Осел, стяжавший себе слоновую долю, да царь фригийский с ослиными ушами увлекли воображение Петруши.
И правда, не руками, языком добывал Петруша хлеб свой насущный.
Александр Ильич попадет будто бы в греческую историю, и будут его с греческого переводить в гимназиях, двойки за него ставить, да проваливать на экзаменах, и, само собой, повышение он получит, чуть не губернатором сделается, а дойдет до Петербурга, министерский портфель за ним обеспечен – министр народного просвещения!
– С таким золотым сокровищем, – райской птицей заливался Петруша, – да такого другого с огнем не сыщешь, никаким дубоножием не взять, факт исторический, министр! Смотри на тебя и учись! А наши дамы! Отбоя не будет, Белозерова орогатить можно, покажем ему три пальчика, Василису Прекрасную пол вытирать себе заставишь.
Повышения по службе Александр Ильич очень хотел, но при чем тут повышение, никак понять не мог. Что же касается дам и как это ни соблазнительно было, чтобы сама Василиса Прекрасная вытирала пол ему, старался Александр Ильич пропускать мимо ушей.
Из-за дам у Александра Ильича вышли однажды большие неприятности.
Будучи лыковским полицмейстером, разрешил Александр Ильич цирковым танцовщицам прокатиться среди бела дня, и притом во всей их прекрасной натуре, на велосипедах по Московской: танцовщицы прокатиться прокатились, а он полетел с места.
Копытная мазь, в которую уверовал Александр Ильич и неослабно держал в памяти, охлаждала всякий Петрушин соблазн.
А Петруша такое городил, такие живописал следствия, – и конца тому не было, откуда шли Петрушины речи.

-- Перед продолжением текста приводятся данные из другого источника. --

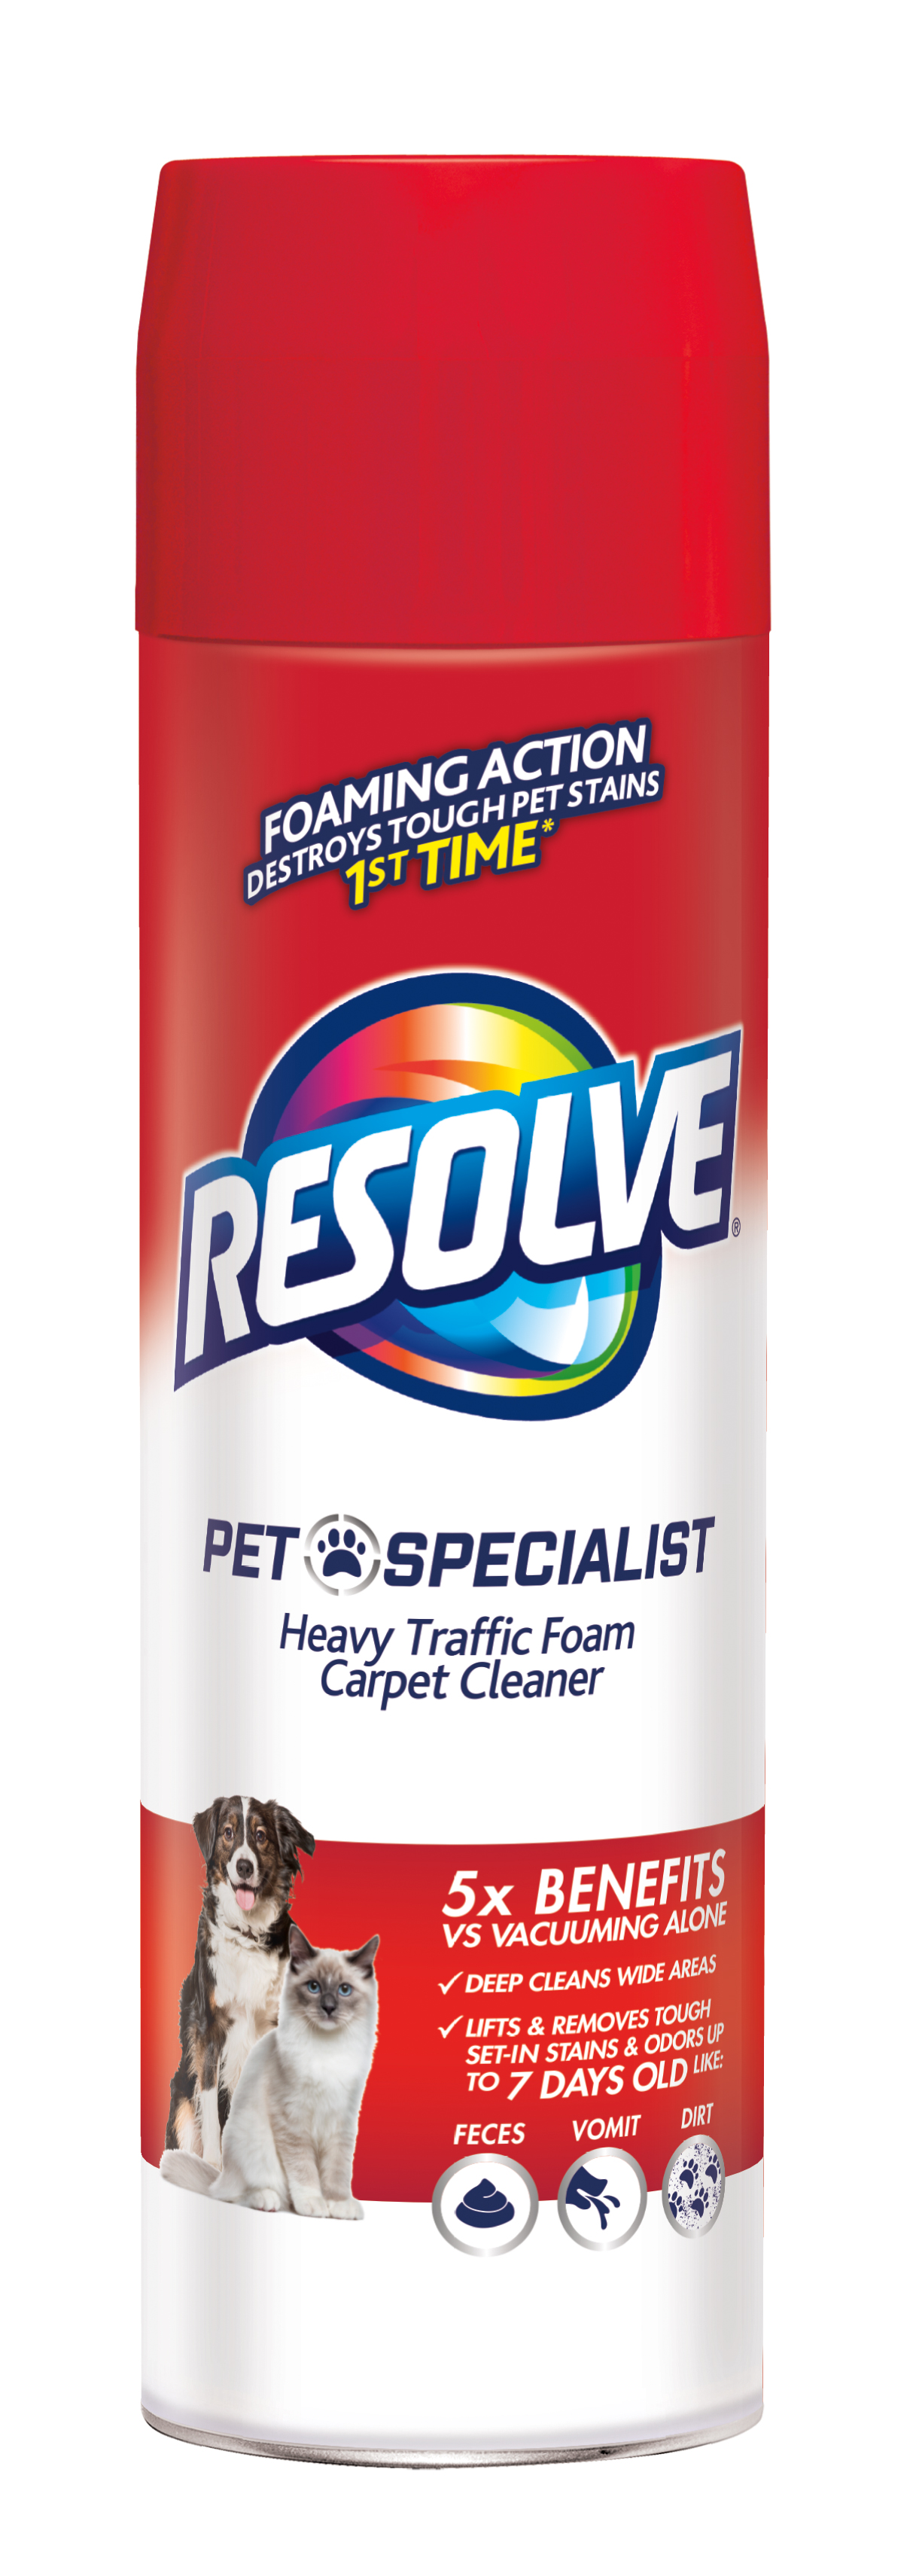 RESOLVE Pet Specialist Heavy Traffic Foam Carpet Cleaner
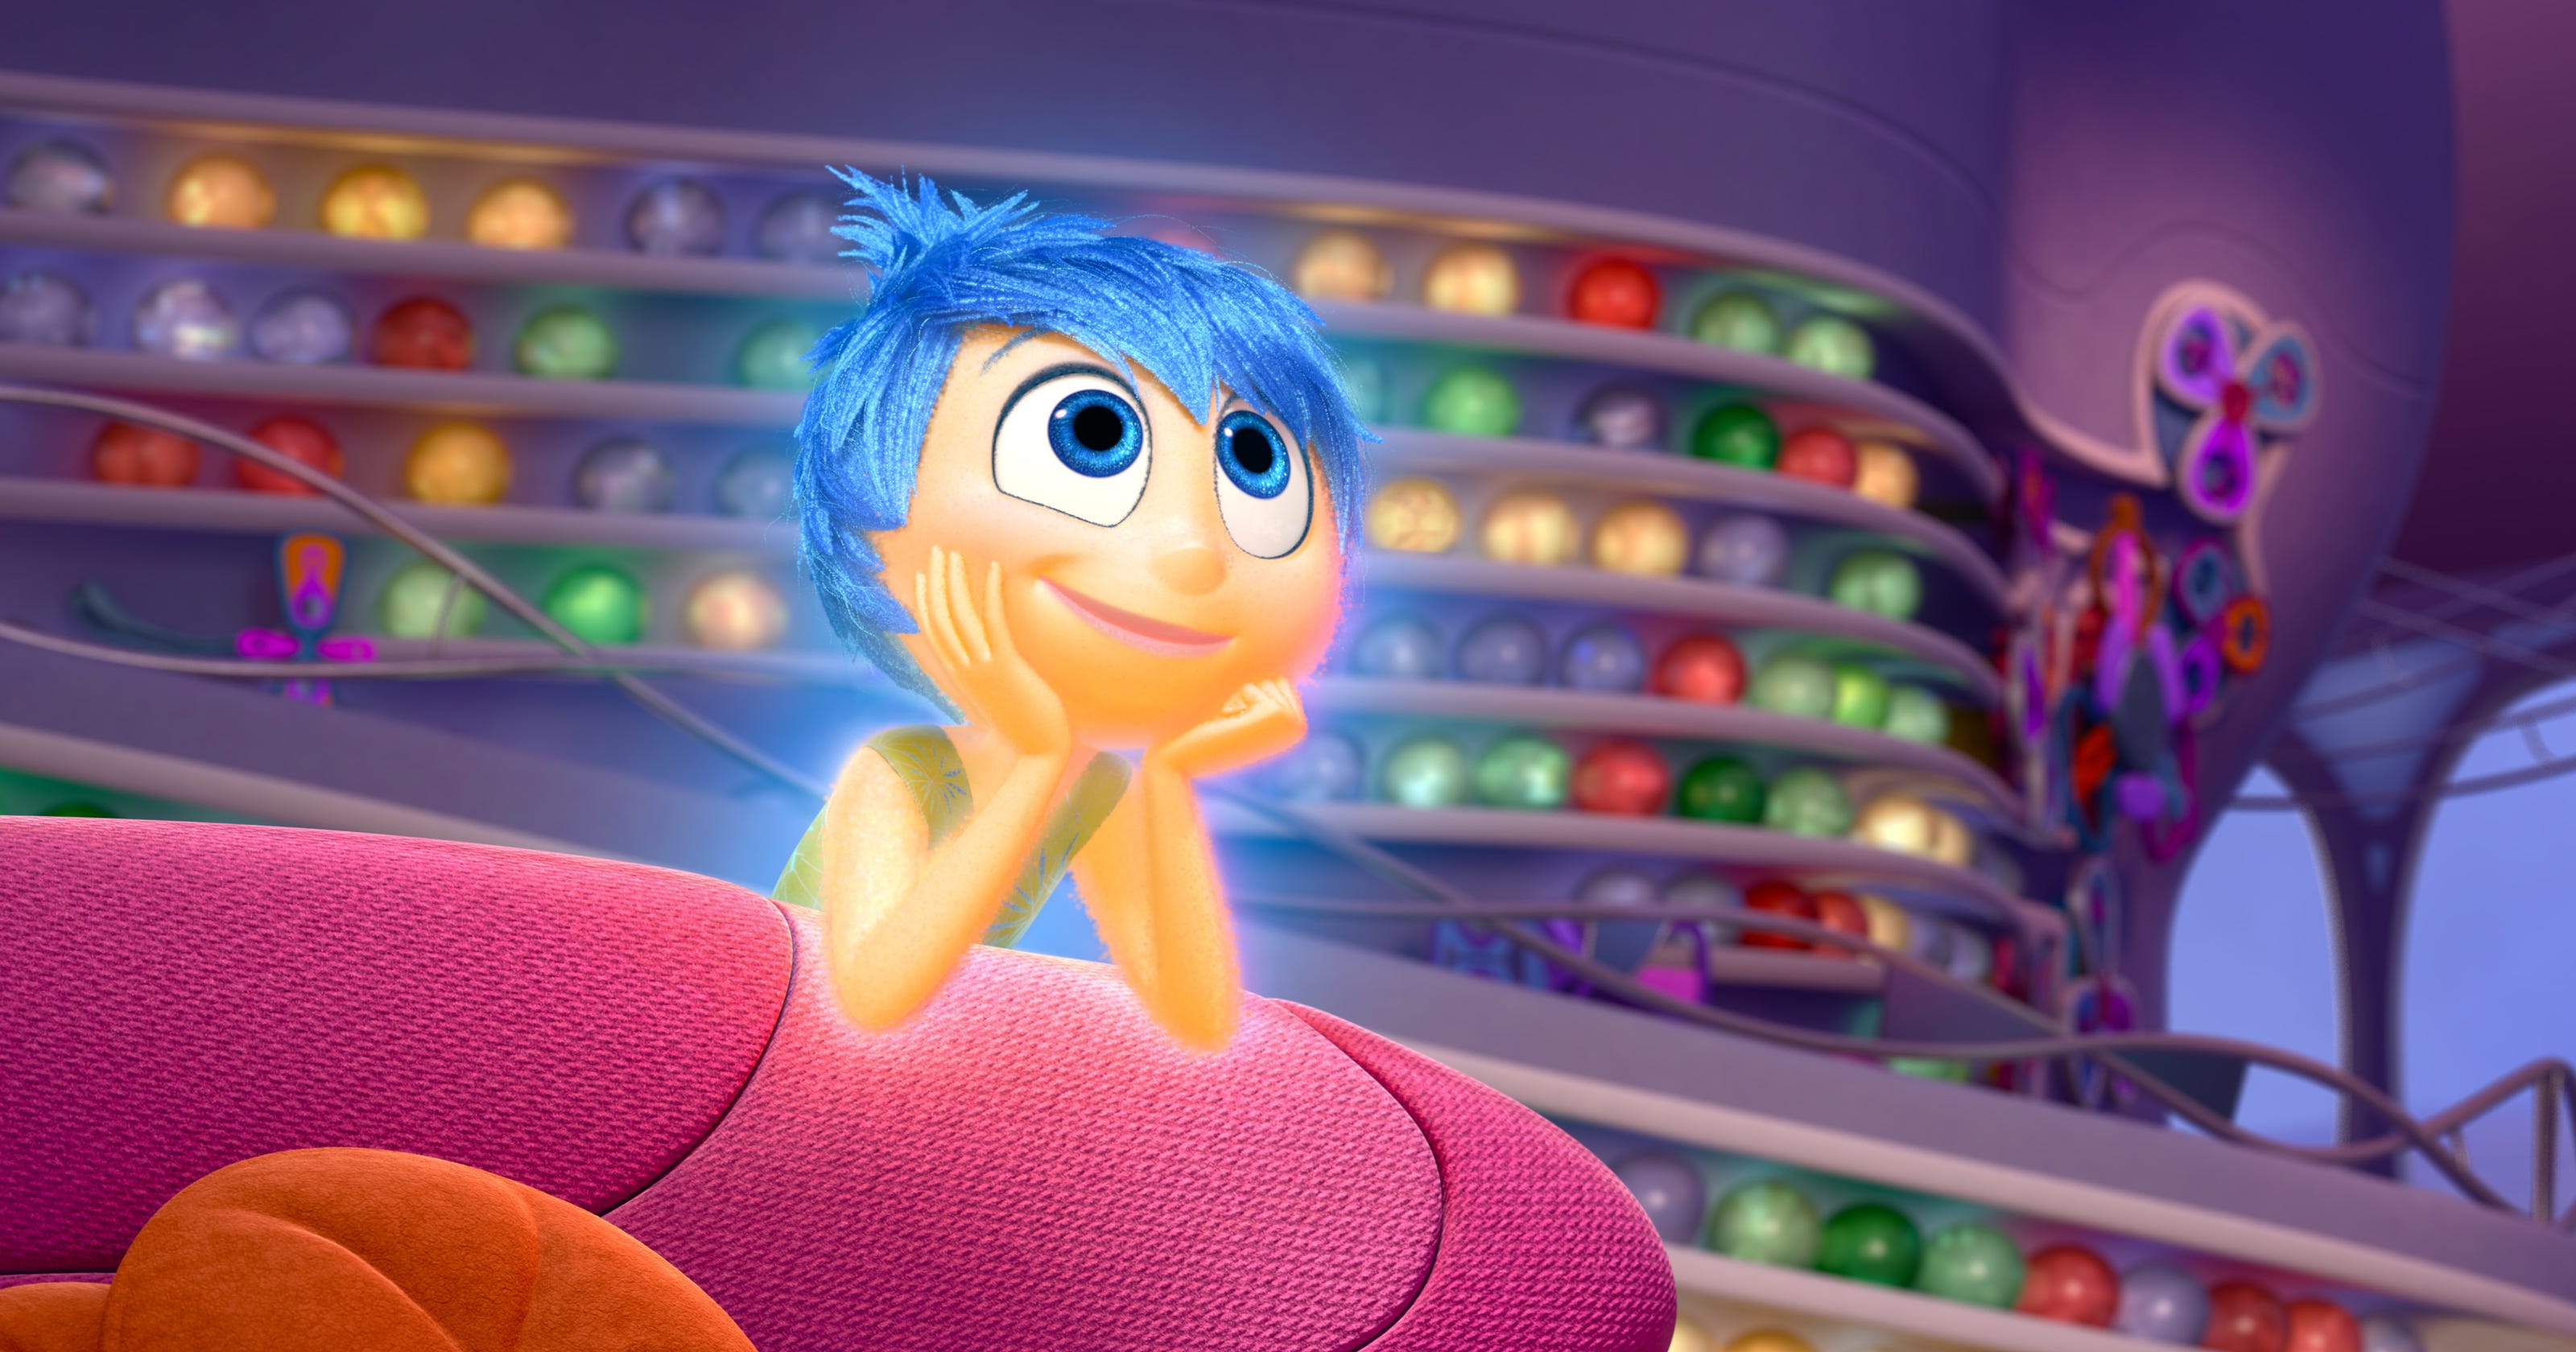 'Inside Out' brings joy back to Pixar

– Да с таким дубоножием, это, брат, тебе финики не простые, понимаешь ты, любого приштопоришь, все можно!
– Петруша, сделай милость, – больше уж не вытерпел, перебил исправник, – Петичка, дай своей мази!
– Ма-ази… – передразнил Петруша, – сам от своего добра бежишь! – и что-то еще и совсем неподходящее буркнув, схватился одеваться, и уж скоро совсем был готов, застегнутый и подтянутый, и только картуз на голову да за дверь.
– Петруша, – голос у Александра Ильича даже дрогнул, – я тебя очень прошу, пожалуйста, честное слово, никому не сказывай!
– Ладно, сиди уж, – и упорхнул Петруша.
И пока летал Петруша за своей чудодейственной копытной мазью к благодетелю своему провизору Адольфу Францевичу Глейхеру, и пока там что да как, в Студенце совершилось событие немалому удивлению, но и слезам достойное.
Студенец – город торговый: торгует Нахабин, Табуряев, Яргунов, Пропенышев, Зачесов – студенецкие лесопромышленники, торгует и уездный член суда Богоявленский через доброписца Исцова – Пеликана. Зимою самая горячка – кипит работа: зимняя заготовка к предстоящему сплаву, чтобы вывести лес к реке. С каждым сплавом растут хозяйские накопления. Студенец – город со средствами.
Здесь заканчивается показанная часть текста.